Illegal logging is the harvest, transportation, purchase, or sale of timber in violation of laws. The harvesting procedure itself may be illegal, including using corrupt means to gain access to forests; extraction without permission, or from a protected area; the cutting down of protected species; or the extraction of timber in excess of agreed limits. Illegal logging is a driving force for a number of environmental issues such as deforestation, soil erosion and biodiversity loss which can drive larger-scale environmental crises such as climate change and other forms of environmental degradation.

Illegality may also occur during transport, such as illegal processing and export (through fraudulent declaration to customs); the avoidance of taxes and other charges, and fraudulent certification. These acts are often referred to as "wood laundering".

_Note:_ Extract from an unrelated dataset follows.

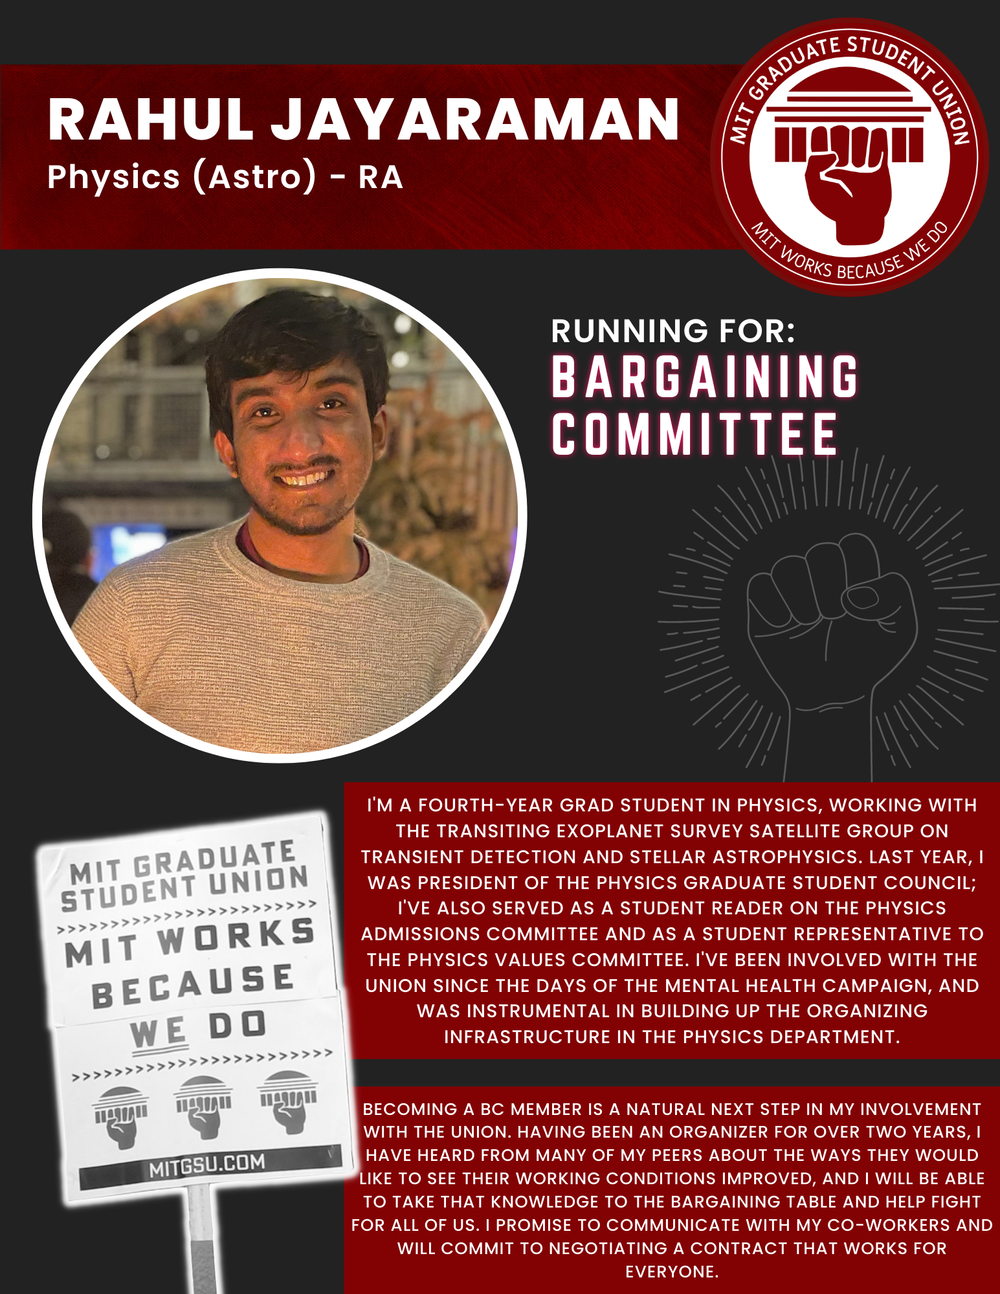  RAHUL JAYARAMAN Physics (Astro) - RA   RUNNING FOR: Bargaining Committee  I'M A FOURTH-YEAR GRAD STUDENT IN PHYSICS, WORKING WITH THE TRANSITING EXOPLANET SURVEY SATELLITE GROUP ON TRANSIENT DETECTION AND STELLAR ASTROPHYSICS. LAST YEAR, I WAS PRESI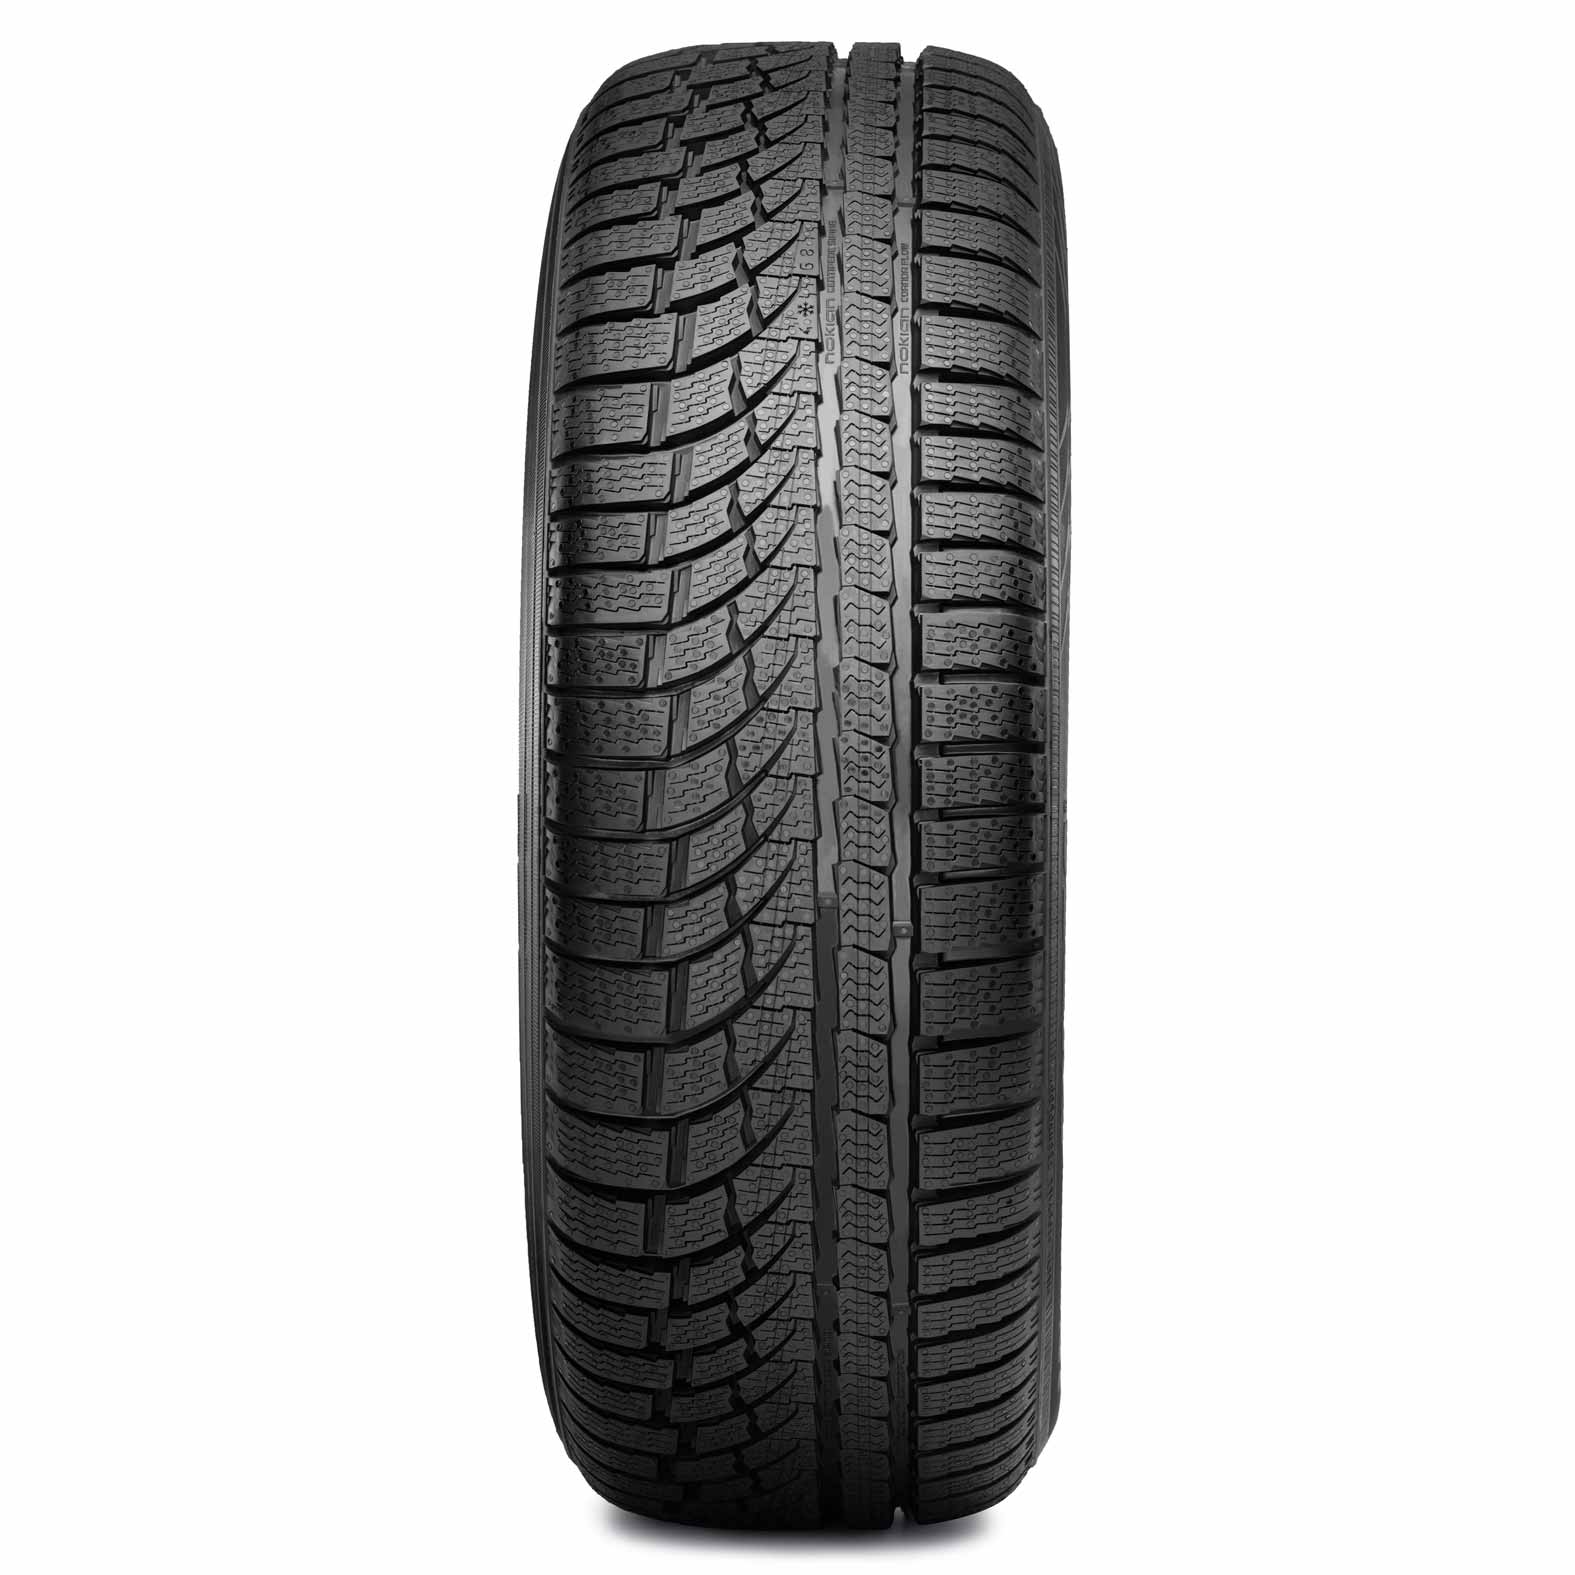 nokian-wrg4-suv-tires-for-all-weather-kal-tire

Illegal logging is driven by a number of economic forces, such as demand for raw materials, land grabbing and demand for pasture for cattle. Regulation and prevention can happen at both the supply size, with better enforcement of environmental protections, and at the demand side, such as an increasing regulation of trade as part of the international lumber Industry.

Overview
Illegal logging is a pervasive problem, causing enormous damage to forests, local communities, and the economies of producer countries. The EU, as a major timber importer, has implemented the European Union Timber Regulation as a means to halt the import of illegally sourced wood products. The identification of illegally logged or traded timber is technically difficult. Therefore, a legal basis for normative acts against timber imports or other products manufactured out of illegal wood is missing. Scientific methods to pinpoint the geographic origin of timber are currently under development. Possible actions to restrict imports cannot meet with WTO regulations of non-discrimination. They must instead be arranged in bilateral agreements. TRAFFIC, the wildlife trade monitoring network, strives to monitor the illegal trade of timber and provide expertise in policy and legal reviews.

Scale
It is estimated that illegal logging on public land alone causes losses in assets and revenue in excess of US$10 billion annually. Although exact figures are difficult to calculate, given the illegal nature of the activity, decent estimates show that more than half of the logging that takes place globally is illegal, especially in open and vulnerable areas such as the Amazon Basin, Central Africa, Southeast Asia and the Russian Federation.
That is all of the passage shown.